DotNetOpenAuth not working with MVC 5 RC
Asked Answered
A

5

38

I have been working a lot with DotNetOpenAuth. First we used 5.0.0-alpha1 but we switched over to v4.0.30319 because we couldn't find what was causing our problems.

We are building a C# Web API project on .NET 4.5.1 RC with MVC 5 RC in Visual Studio 2013. We have implemented IAuthorizationServerHost, INonceStore, and ICryptoKeyStore.

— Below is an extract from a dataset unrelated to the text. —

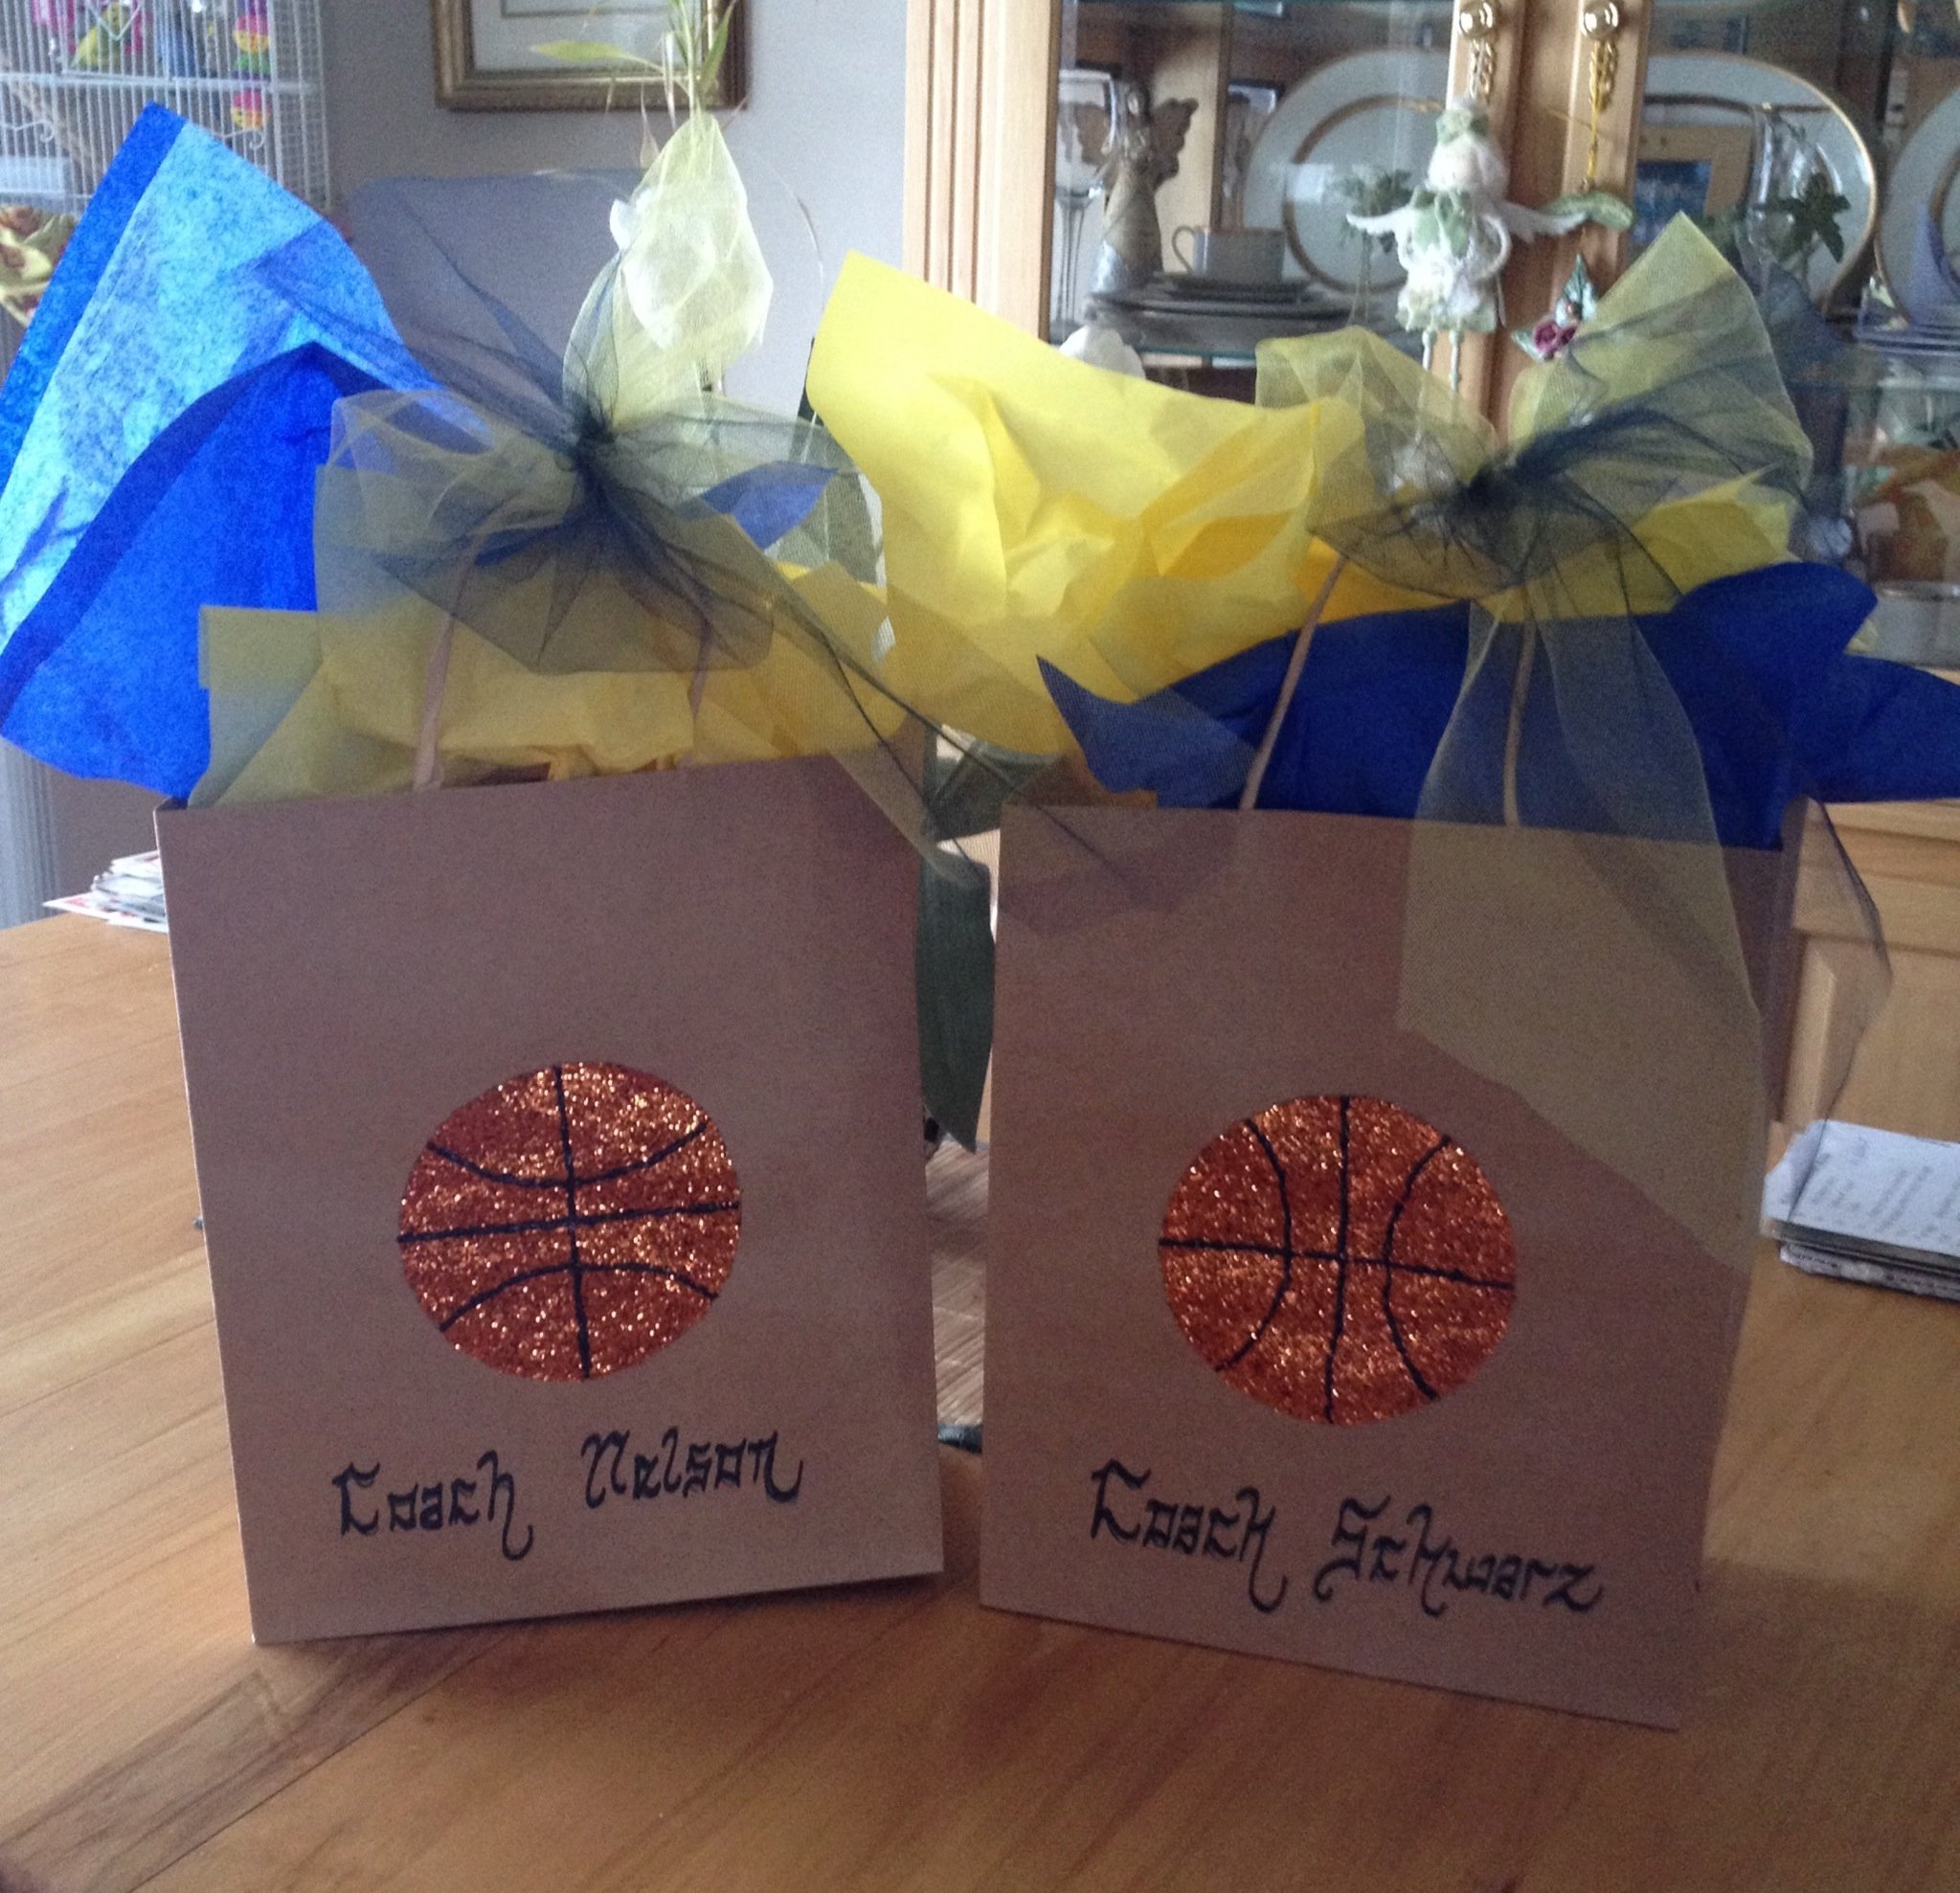 10 Gorgeous Gift Ideas For Basketball Players basketball coach gifts basketball ideas pinterest coach gifts 1 2022

The problem that we have are around the following case:

public class TokensController : Controller
{
    private readonly AuthorizationServer authorizationServer = new AuthorizationServer(new MyAuthorizationServer());

    /// <summary>
    /// This action will handle all token requests. 
    /// </summary>
    /// <returns>The action result that will output the token response.</returns>
    [HttpPost]
    public ActionResult Index()
    {
        var outgoingWebResponse = this.authorizationServer.HandleTokenRequest(this.Request);
        return outgoingWebResponse.AsActionResult();
    }
}

return outgoingWebResponse.AsActionResult(); a method with origins in DotNetOpenAuth.Messaging and the MessagingUtilities static class. The DotNetOpenAuth.Core (which contains this code) references MVC 4.0 and the HttpResponseMessageActionResult class inherits from ActionResult.

This means the current version of DotNetOpenAuth in not compatible with MVC 5. Compiling and trying to run this will just case 500 errors.

Does anyone have any ideas how this could be easily fixed (or maybe not)?

I didn't notice that the DotNetOpenAuth Nuget package wrote over my packages for 5.0. So after reinstalling the packages and adding the assemblyBinding again:

<assemblyBinding xmlns="urn:schemas-microsoft-com:asm.v1">
  <dependentAssembly>
    <assemblyIdentity name="System.Web.Mvc" publicKeyToken="31bf3856ad364e35" />
    <bindingRedirect oldVersion="1.0.0.0-4.0.0.0" newVersion="5.0.0.0" />
  </dependentAssembly>
</assemblyBinding>

This got us a little further. Now the error comes down to:

Attempt by security transparent method 'DotNetOpenAuth.Messaging.MessagingUtilities.AsActionResult(DotNetOpenAuth.Messaging.OutgoingWebResponse)' to access security critical type 'System.Web.Mvc.ActionResult' failed.

Anthropomorphism answered 25/9, 2013 at 19:21 Comment(0)
D
52

Fix available.

Install NuGet package DotNetOpenAuth.Mvc5 and change all uses of AsActionResult() to AsActionResultMvc5()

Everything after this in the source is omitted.